DATA FOR REVIEW: Begin

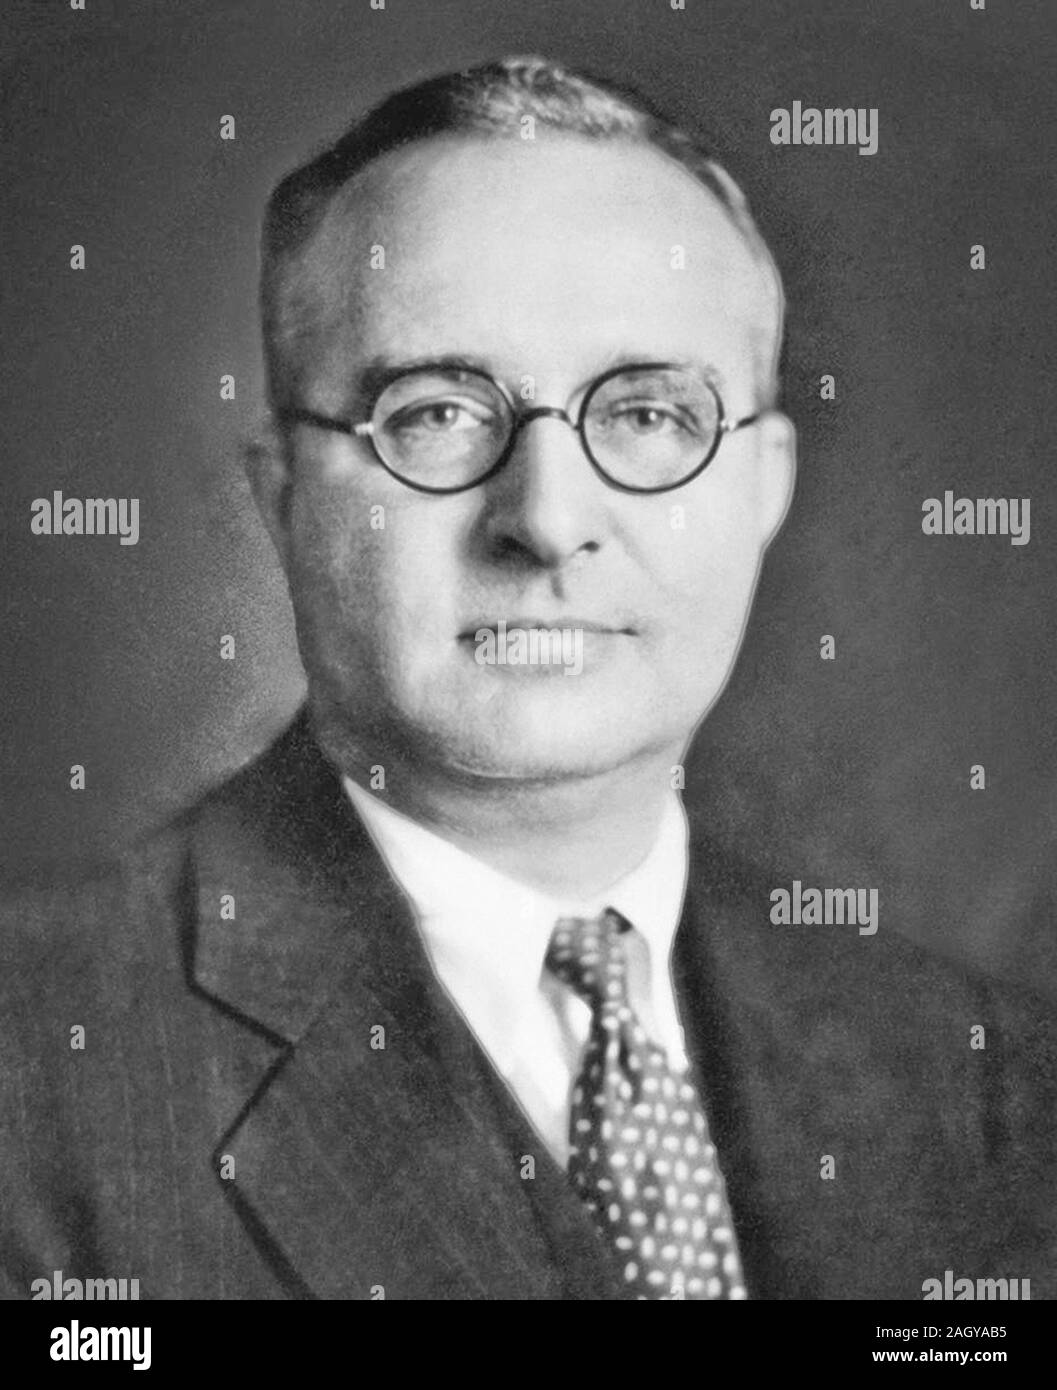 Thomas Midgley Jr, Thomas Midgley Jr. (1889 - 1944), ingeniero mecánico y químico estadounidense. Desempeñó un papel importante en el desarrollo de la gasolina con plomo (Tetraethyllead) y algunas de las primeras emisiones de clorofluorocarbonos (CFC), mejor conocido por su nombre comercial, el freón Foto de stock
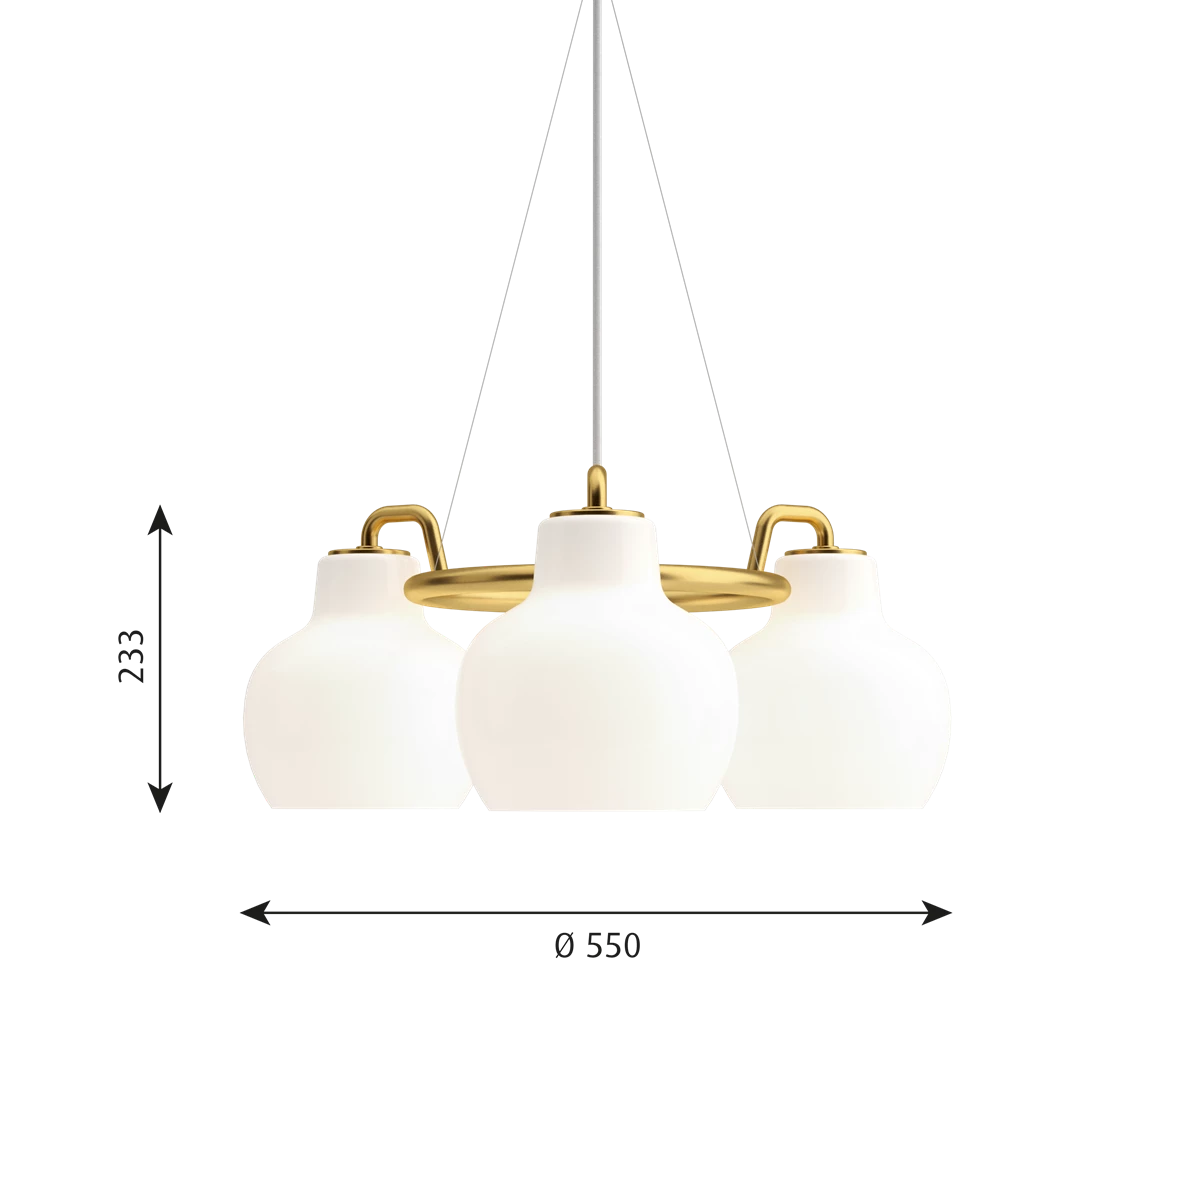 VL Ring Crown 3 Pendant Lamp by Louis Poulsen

DATA FOR REVIEW: End
DATA FOR REVIEW: Begin

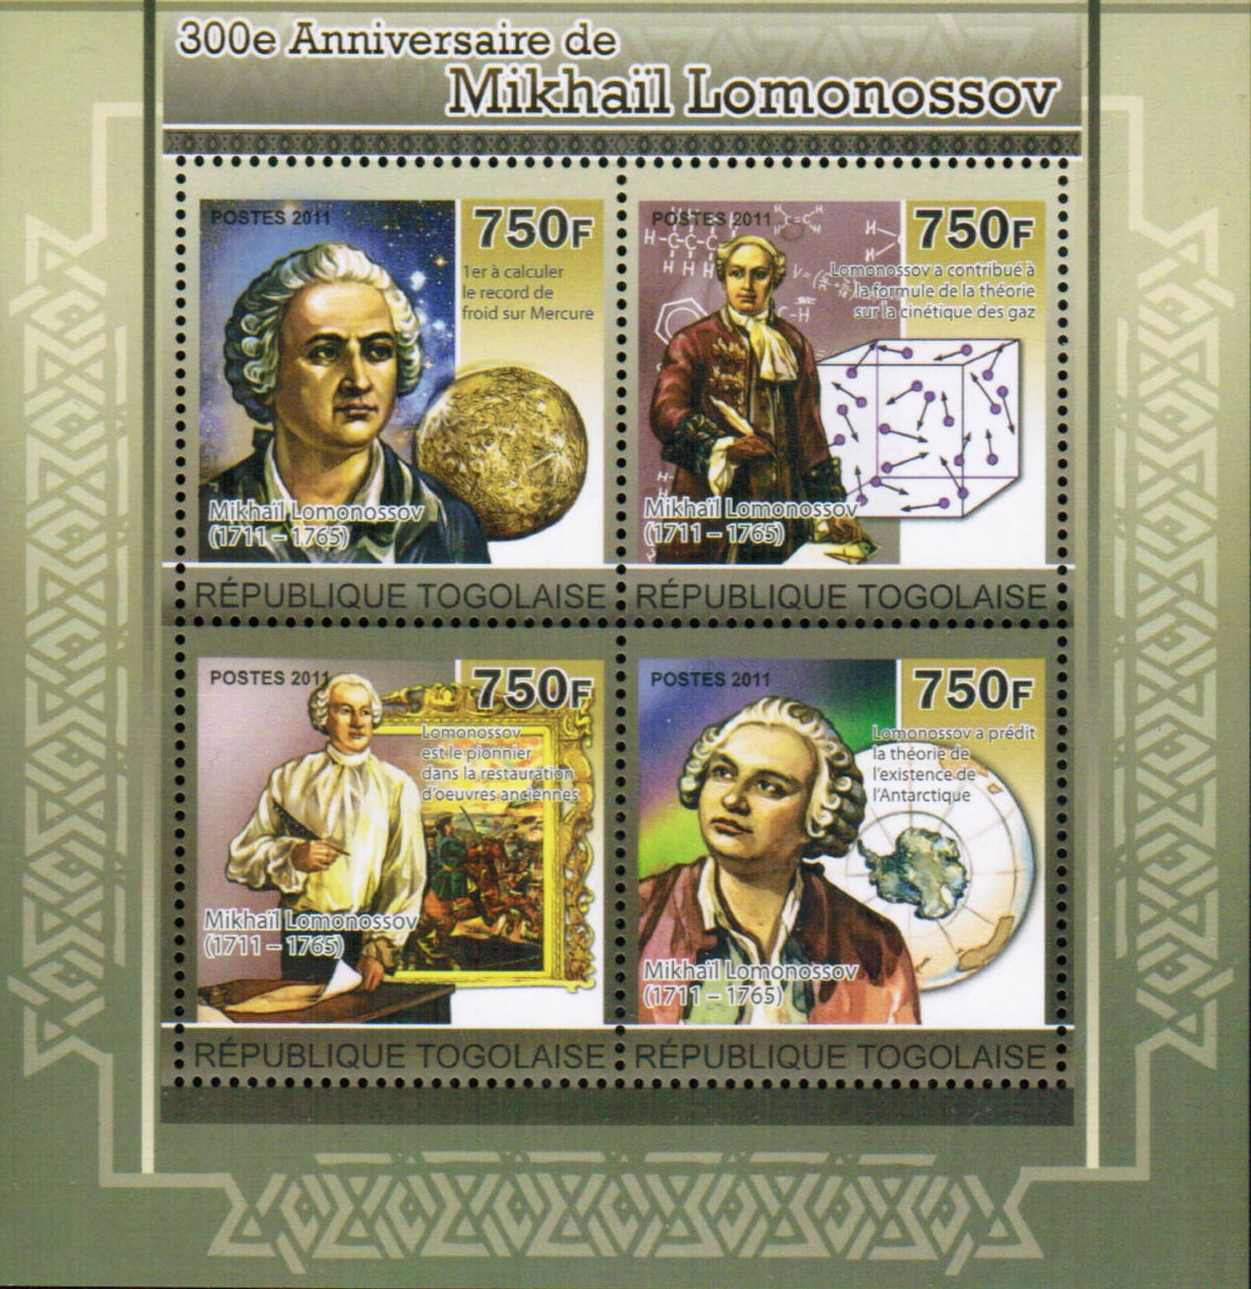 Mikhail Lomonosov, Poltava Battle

DATA FOR REVIEW: End
DATA FOR REVIEW: Begin

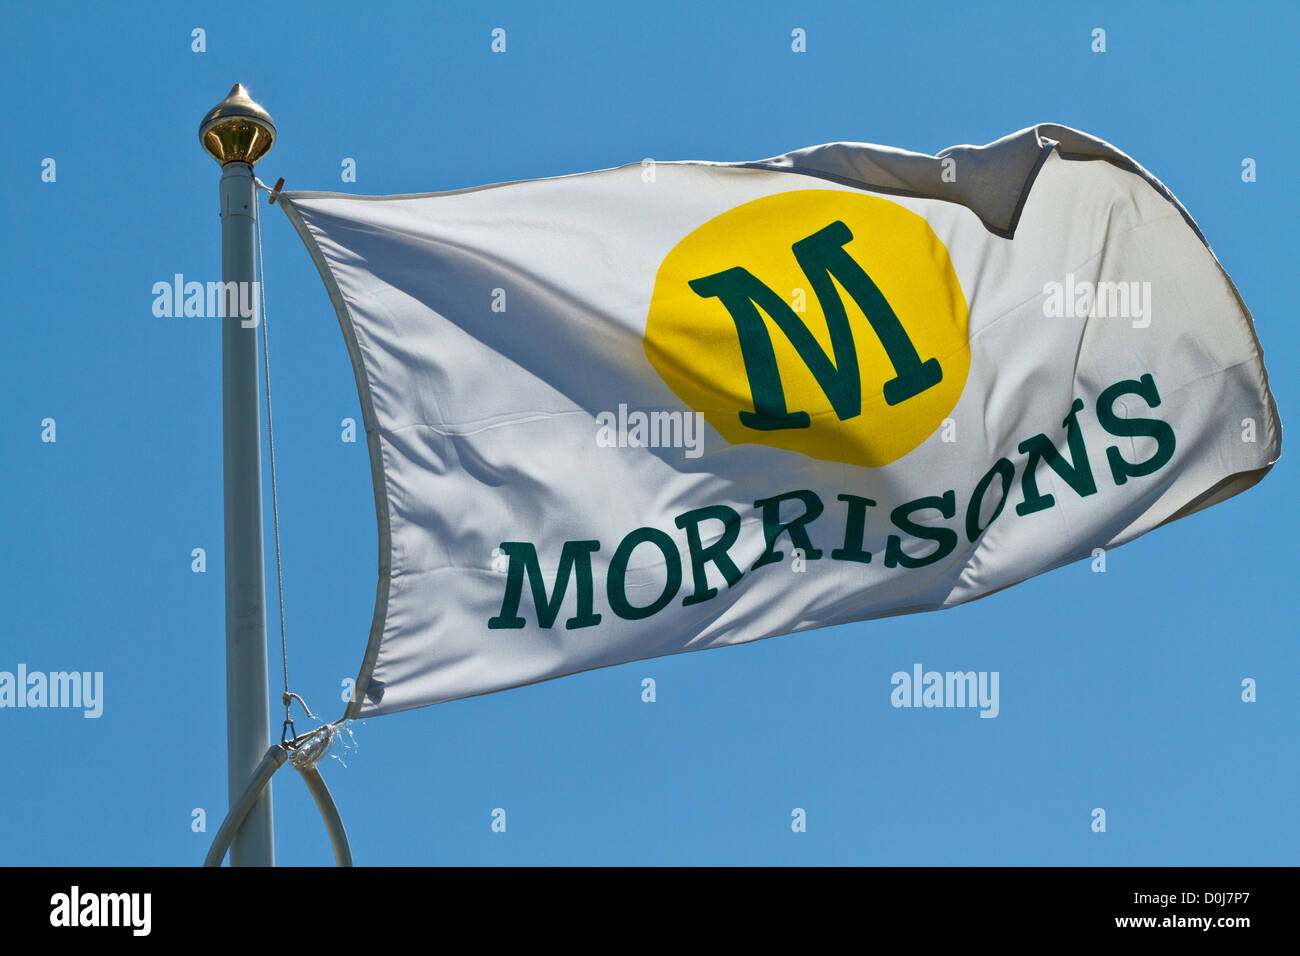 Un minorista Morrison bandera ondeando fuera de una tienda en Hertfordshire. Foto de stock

DATA FOR REVIEW: End

▶ [DIRECTIONS FOR THIS TASK] Although pictures appear among the entries, please set down only the lines from the one with "Thomas Midgley Jr, Thomas" up to and including the one with "VL Ring Crown", word for word.

▶ [ANSWER SPACE]
 Thomas Midgley Jr, Thomas Midgley Jr. (1889 - 1944), ingeniero mecánico y químico estadounidense. Desempeñó un papel importante en el desarrollo de la gasolina con plomo (Tetraethyllead) y algunas de las primeras emisiones de clorofluorocarbonos (CFC), mejor conocido por su nombre comercial, el freón Foto de stock
 VL Ring Crown 3 Pendant Lamp by Louis Poulsen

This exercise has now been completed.